I had a similar problem to solve so I came across this question. I did a performance comparison of Andrew Clark's and narayan's answer which I would like to share.

The primary difference between two answers is how they iterate over inner lists. One of them uses builtin map, while other is using list comprehension. Map function has slight performance advantage to its equivalent list comprehension if it doesn't require the use lambdas.
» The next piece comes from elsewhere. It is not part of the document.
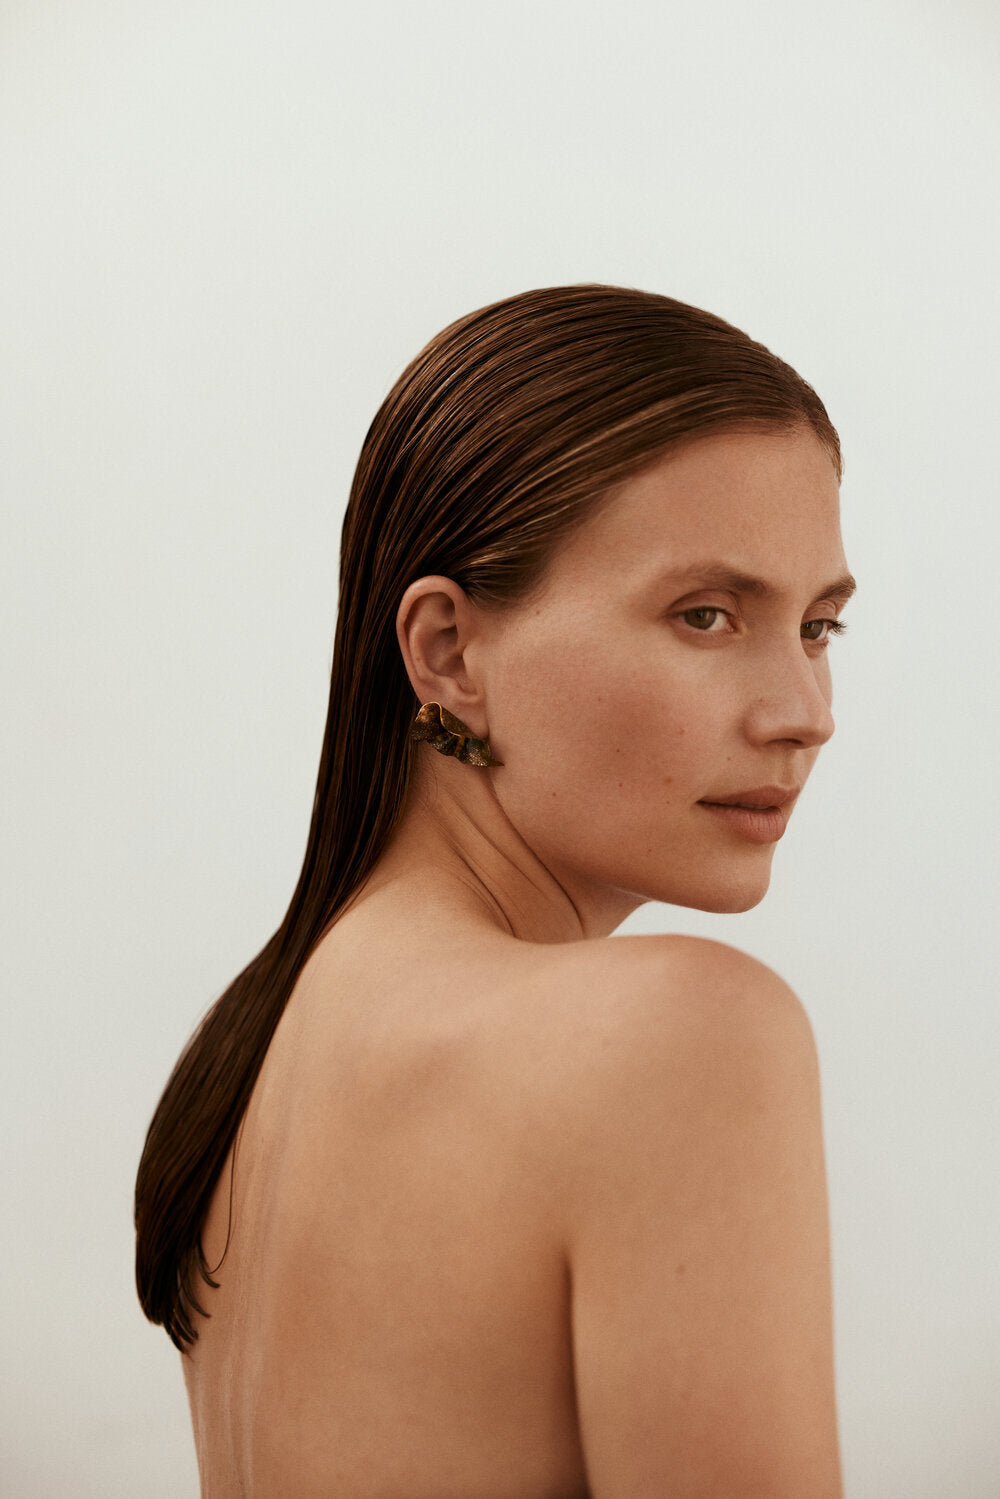 Oy earring - Mold atelier X Sofia Olsson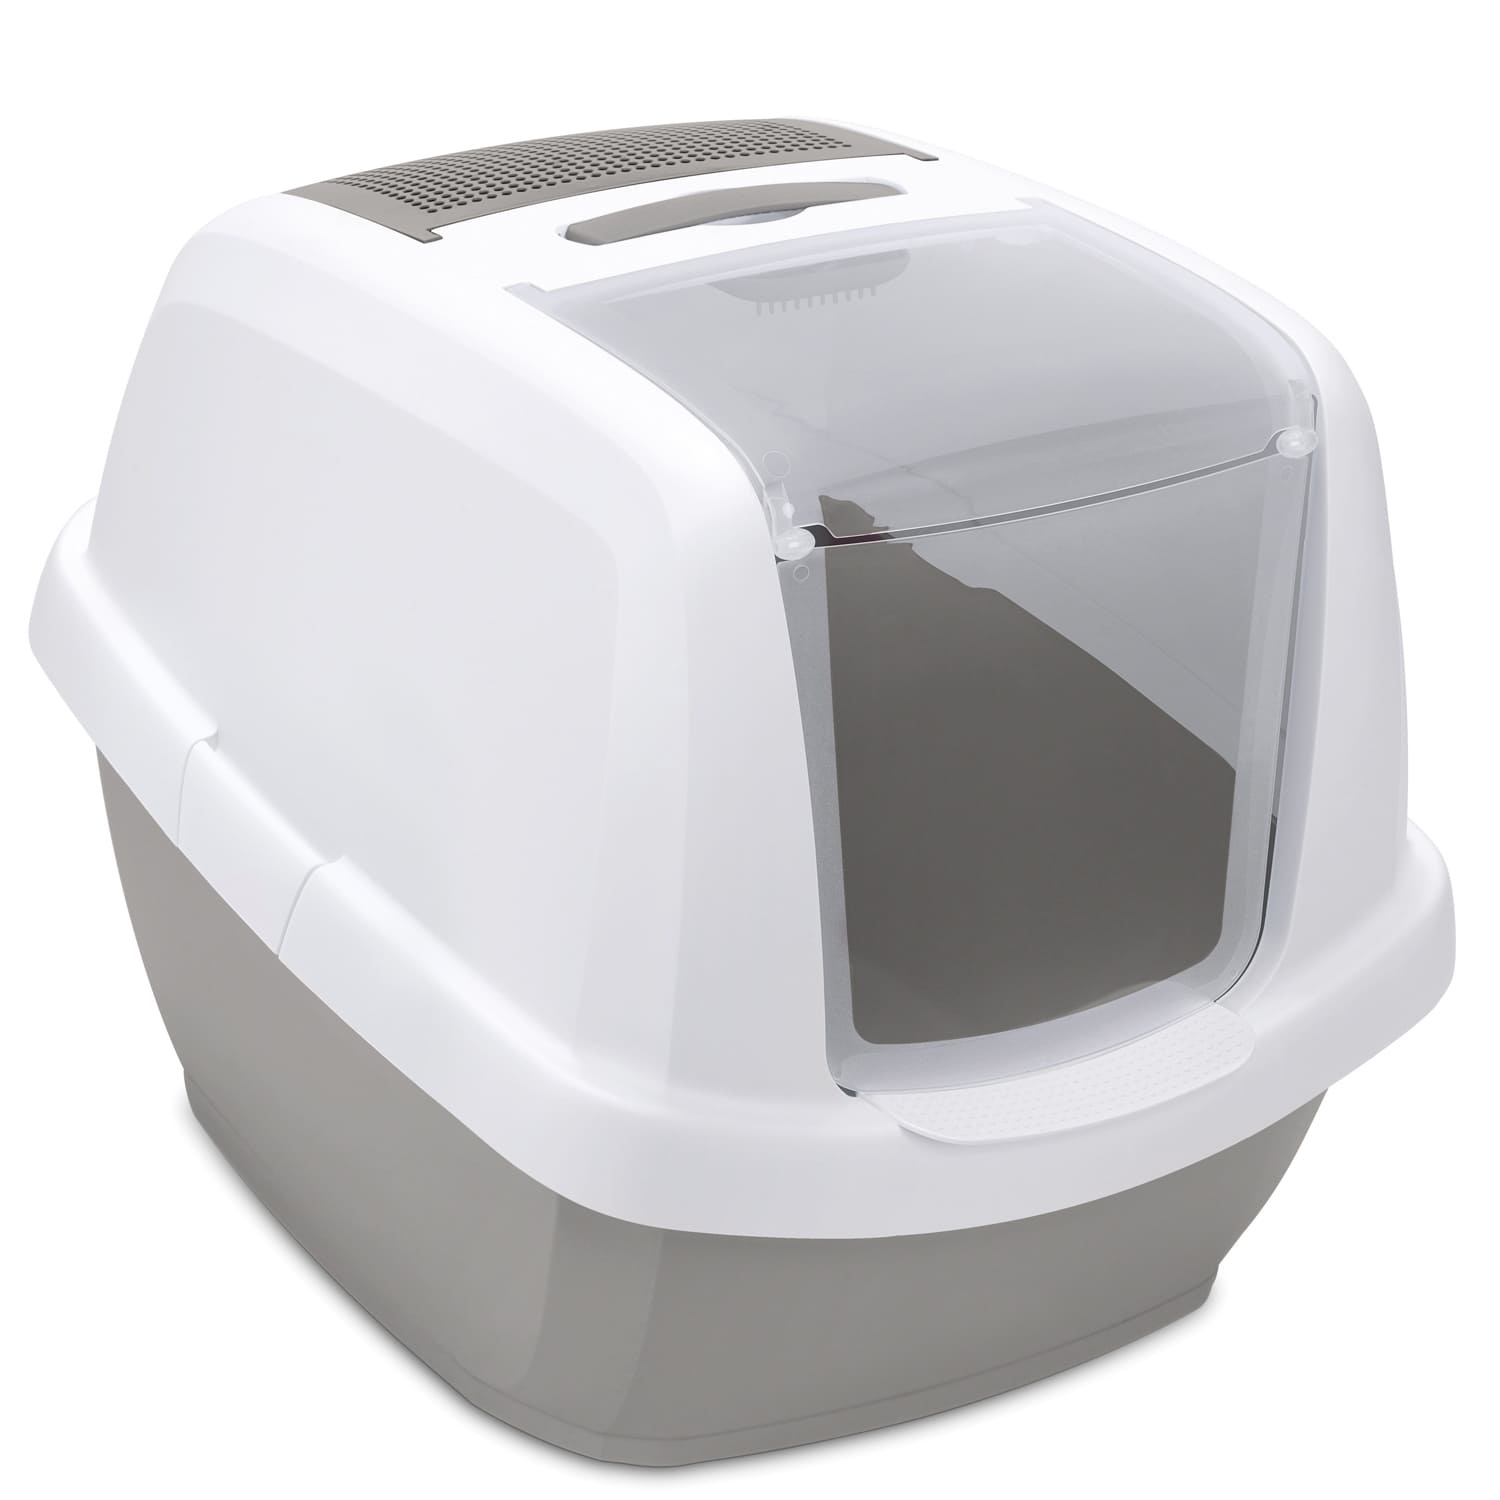 IMAC IMAC био-туалет для кошек , белый/бежевый (2,85 кг) био туалет

So in context of this question map should perform slightly better than list comprehension.

Lets do a performance benchmark to see if it is actually true. I used python version 3.5.0 to perform all these tests. In first set of tests I would like to keep elements per list to be 10 and vary number of lists from 10-100,000

>>> python -m timeit "[list(map(float,k)) for k in [list(range(0,10))]*10]"
>>> 100000 loops, best of 3: 15.2 usec per loop   
>>> python -m timeit "[[float(y) for y in x] for x in [list(range(0,10))]*10]"
>>> 10000 loops, best of 3: 19.6 usec per loop 

>>> python -m timeit "[list(map(float,k)) for k in [list(range(0,10))]*100]"
>>> 100000 loops, best of 3: 15.2 usec per loop
>>> python -m timeit "[[float(y) for y in x] for x in [list(range(0,10))]*100]"
>>> 10000 loops, best of 3: 19.6 usec per loop 

>>> python -m timeit "[list(map(float,k)) for k in [list(range(0,10))]*1000]"
>>> 1000 loops, best of 3: 1.43 msec per loop   
>>> python -m timeit "[[float(y) for y in x] for x in [list(range(0,10))]*1000]"
>>> 100 loops, best of 3: 1.91 msec per loop

>>> python -m timeit "[list(map(float,k)) for k in [list(range(0,10))]*10000]"
>>> 100 loops, best of 3: 13.6 msec per loop   
>>> python -m timeit "[[float(y) for y in x] for x in [list(range(0,10))]*10000]"
>>> 10 loops, best of 3: 19.1 msec per loop

>>> python -m timeit "[list(map(float,k)) for k in [list(range(0,10))]*100000]"
>>> 10 loops, best of 3: 164 msec per loop
>>> python -m timeit "[[float(y) for y in x] for x in [list(range(0,10))]*100000]"
>>> 10 loops, best of 3: 216 msec per loop

enter image description here

In the next set of tests I would like to raise number of elements per lists to 100.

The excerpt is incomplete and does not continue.